Those independent cattle ranchers who mostly hold up in Billings, MT, won’t back down when it comes to country of origin labeling (COOL), which is also favored by many food safety advocates. A federal judge in Spokane just declined to bring back COOL for beef and pork, but the ranchers say there is still someone who they say can make beef and pork great again.
The Ranchers-Cattlemen Action Legal Fund, United Stockgrowers of America, or R-CALF, has refocused its efforts on President Donald J. Trump, who is either renegotiating NAFTA or tearing it up in favor of new separate agreements with Canada and Mexico or perhaps both.
In all that trade action, R-CALF hopes Trump’s deal makers can move what they see as a troublesome report from the World Trade Organizatio. In 2015 the WTO’s Dispute Settlement Body upheld findings by the Compliance Panel. The WTO action favored Canada and Mexico ultimately resulted in Congress and USDA dropping COOL requirements.
Canada and Mexico contend labels of origin on beef and pork is a non-tariff barrier to free trade.
USDA’s Agriculture Marketing Service removed beef, ground beef, pork and ground pork from the list of covered commodities. R-CALF and its affiliate, Cattle Producers of Washington, sued Secretary of Agriculture Sonny Perdue early last year, demanding USDA restore country of origin labeling for beef and pork.

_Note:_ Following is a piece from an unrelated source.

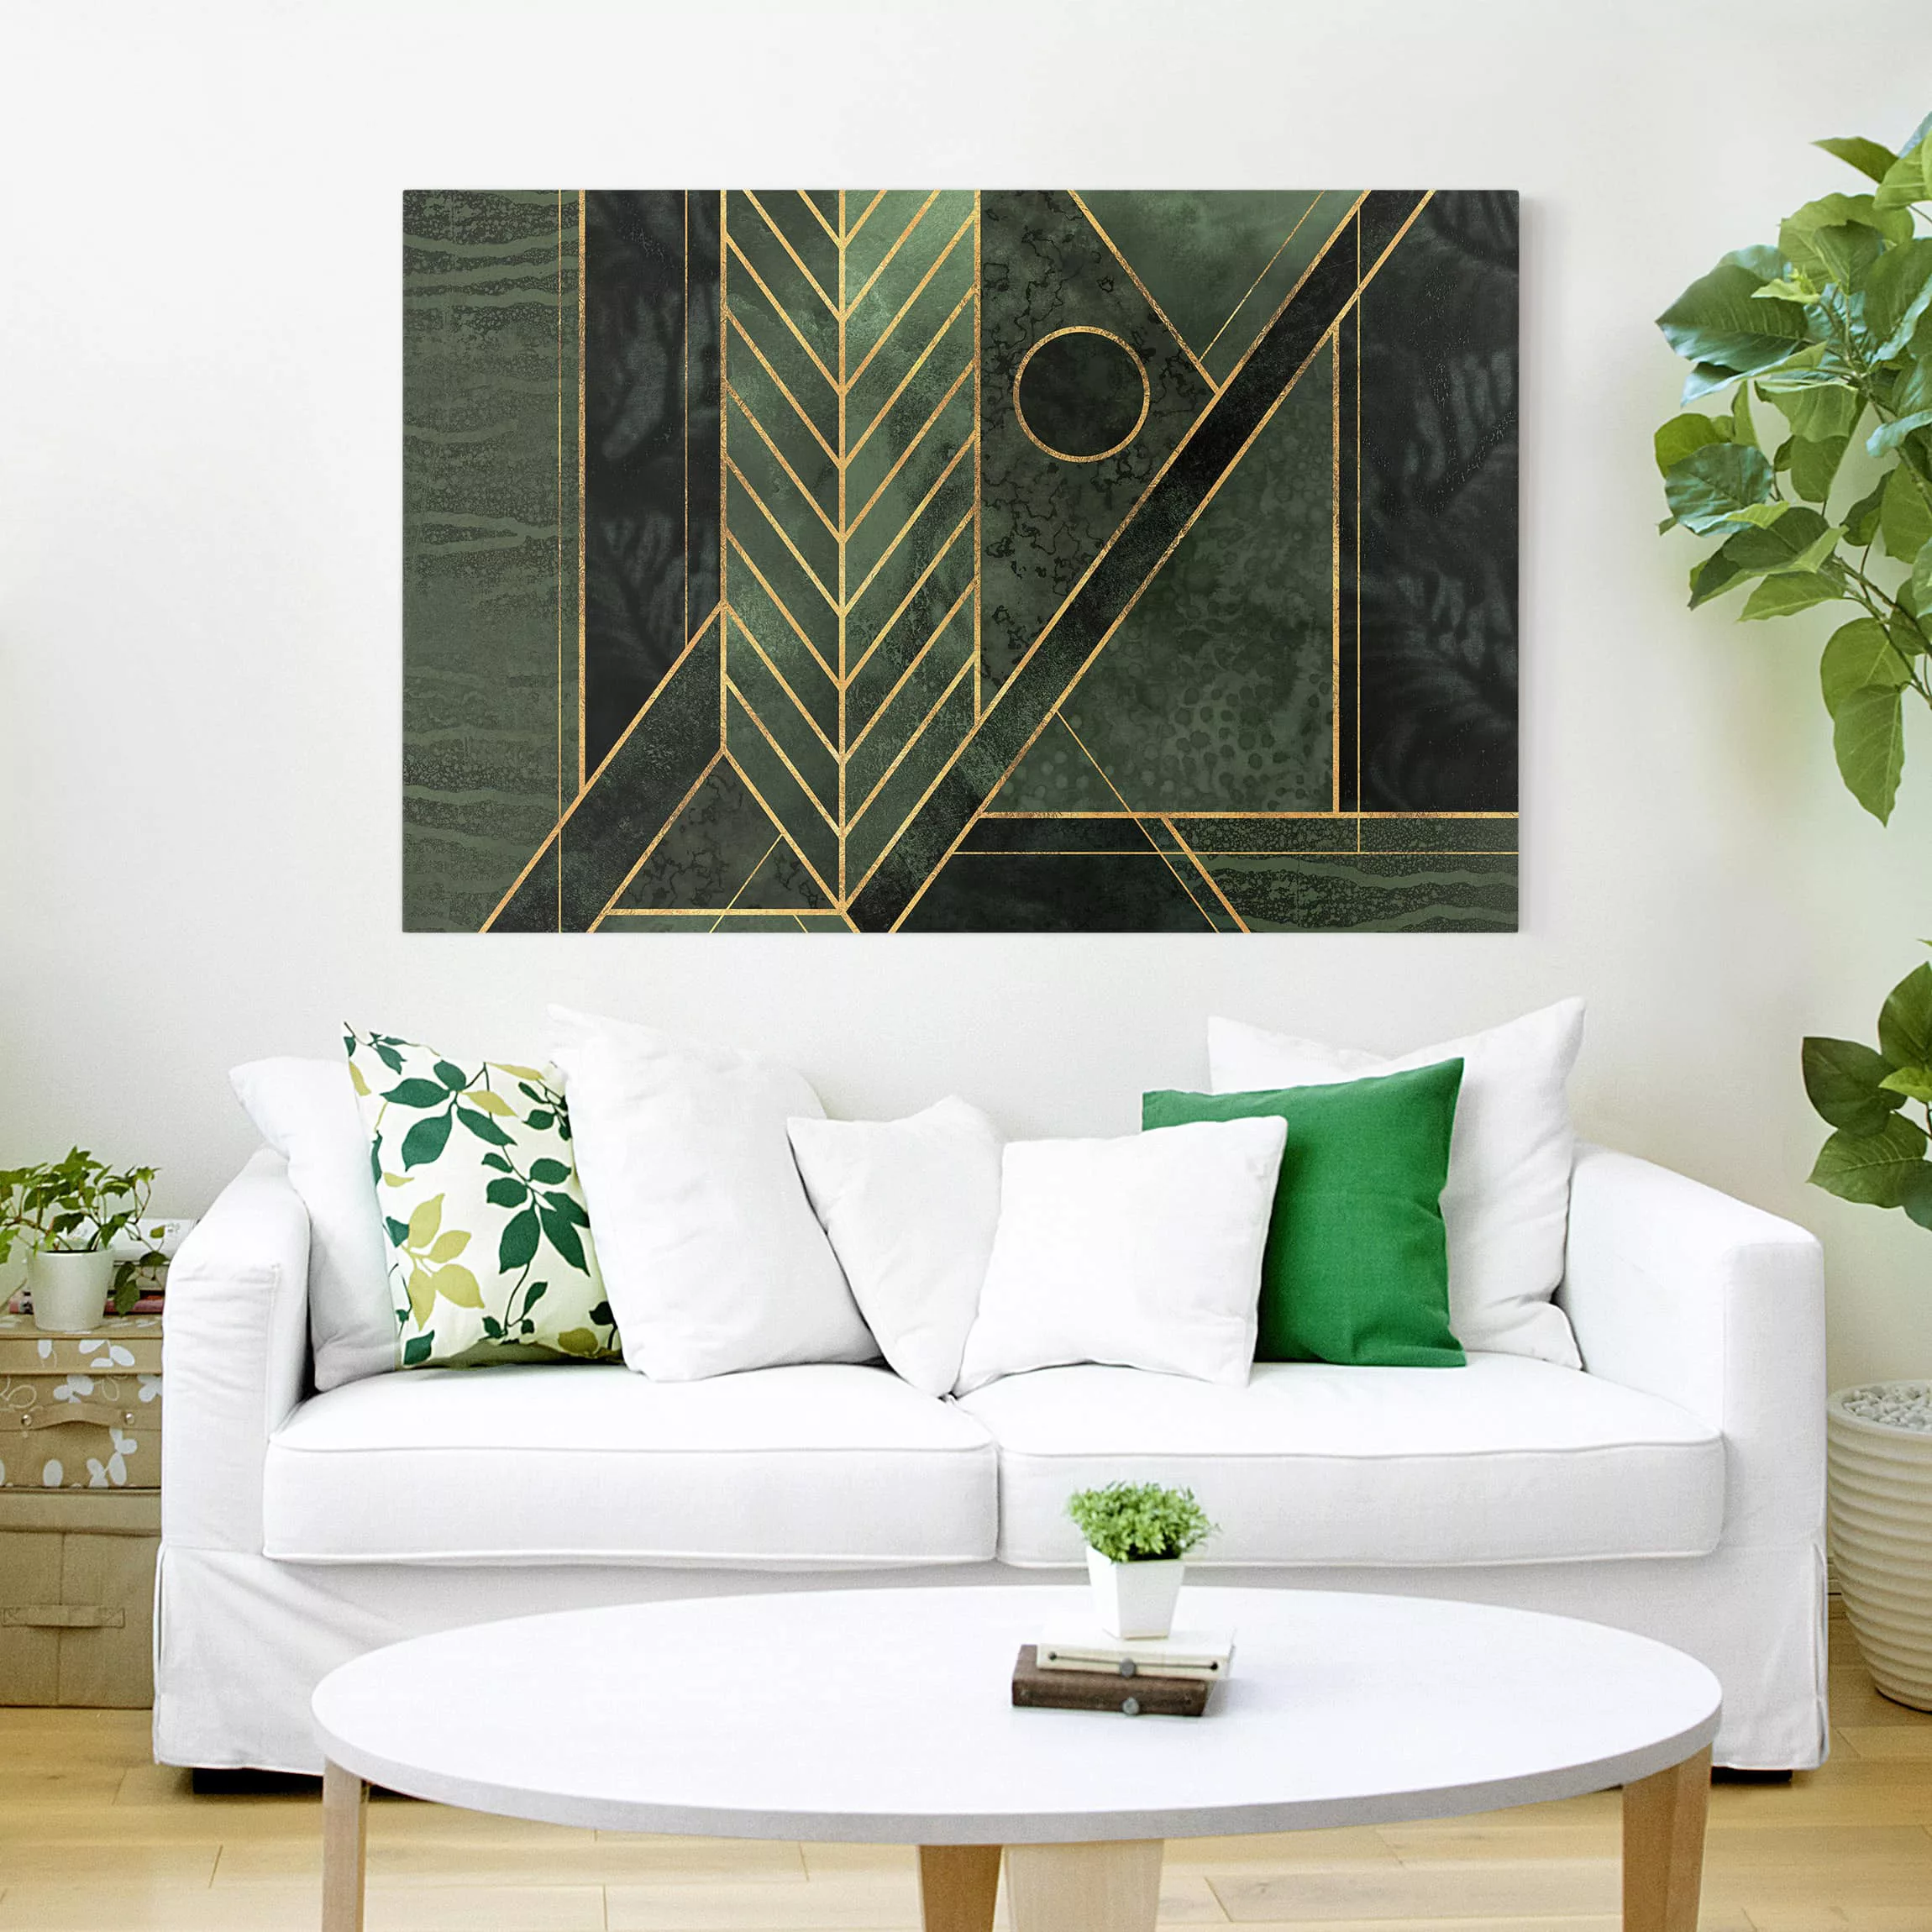 Leinwandbild Abstrakt - Querformat Geometrische Formen Smaragd Gold günstig online kaufen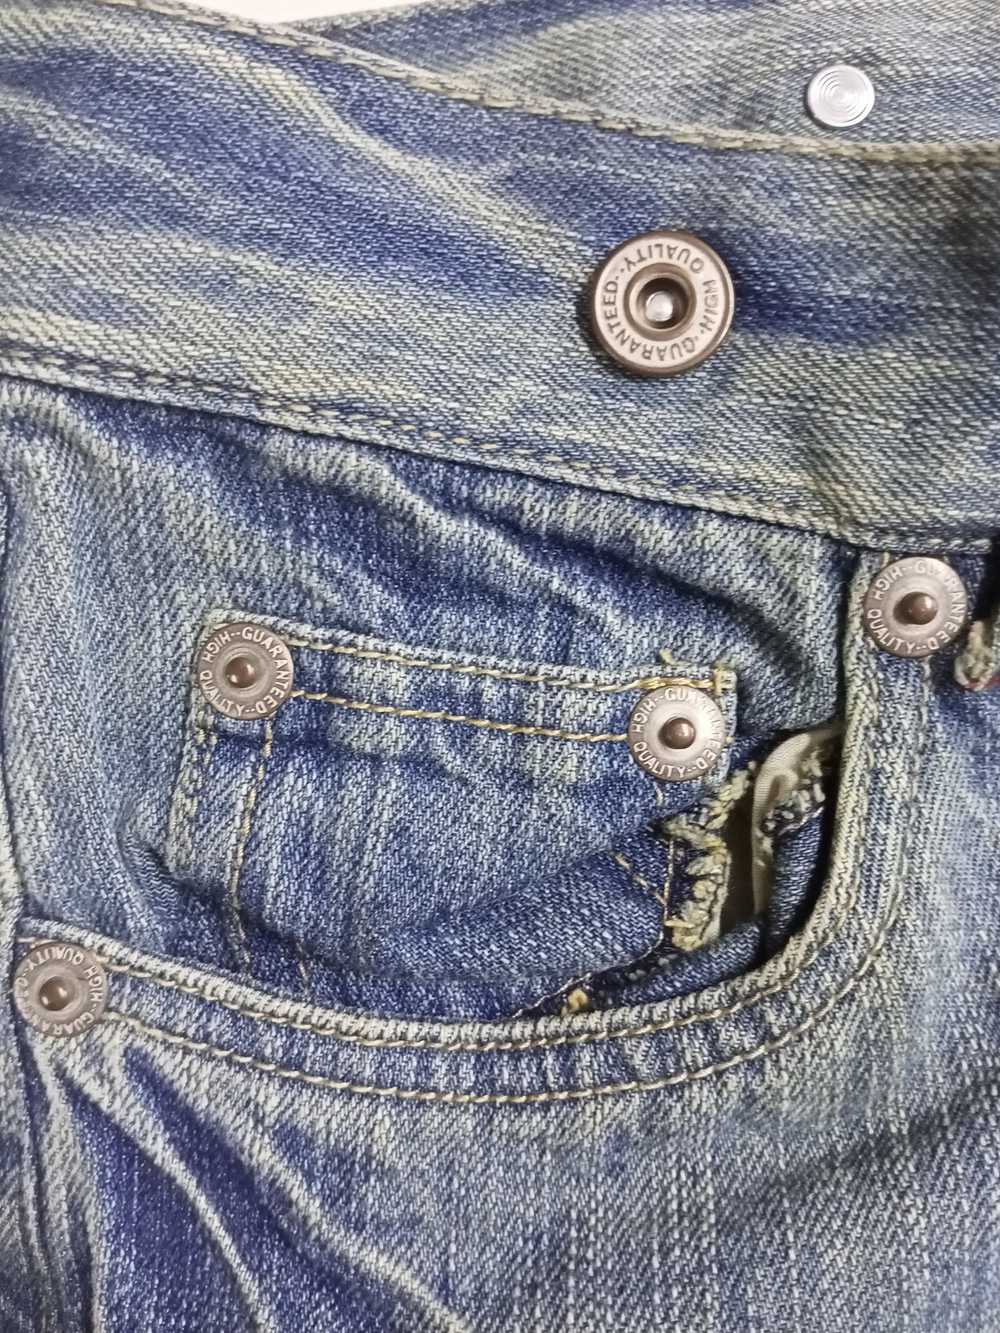 Distressed Denim Hig quality guaranteed jeans - image 5

U.S. District Court Judge Rosanna Malouf Peterson of the Eastern District for Washington State, dismissed the action against Perdue, saying USDA’s 2016 rule eliminating COOL was enacted just as Congress intended. The judge did agree the cattle producers suffered financial harm that was “fairly traceable” to losing country of origin labeling for beef and pork.
“The fact that the court agreed with us that independent pork and beef producers are harmed by COOL makes it even clearer that the Trump Administration and Congress must act now to protect them,” said David Muraskin, lead counsel for R-CALF in the suit. “This movement has been gaining ground outside of court, and we expect it to continue doing so despite this ruling,”
R-CALF’s legal team, which in addition to Muraskin included Beth Terrell and Blythe Chandler of Terrell Marshall Law Group in Seattle, and J. Dudley Butler of the Butler Farm and Ranch Law Group in Benton, MS, tried to challenge the 1989 rule that allowed removal of COOL labels on imported beef. However, the court rule that underlying action had to be challenged prior to 1995.
Moreover, the court found that Congress’ act of repealing COOL for beef signified it is clear intent to allow imported beef to be sold to consumers without COOL markings.
“While obviously disappointing, the outcome of this case highlights the urgent need for the new Administration and new Congress to reverse the harm to U.S. cattle producers brought about by the actions of the previous Administration and Congress,” said R-CALF USA CEO Bill Bullard.
“President Trump now has the opportunity to immediately reinstate COOL in his ongoing renegotiation of NAFTA as well as by initiating a rulemaking within USDA to require imported beef to bear its foreign marking through retail sale, just as the COOL rule effectively did from 2009 through 2015,” he added.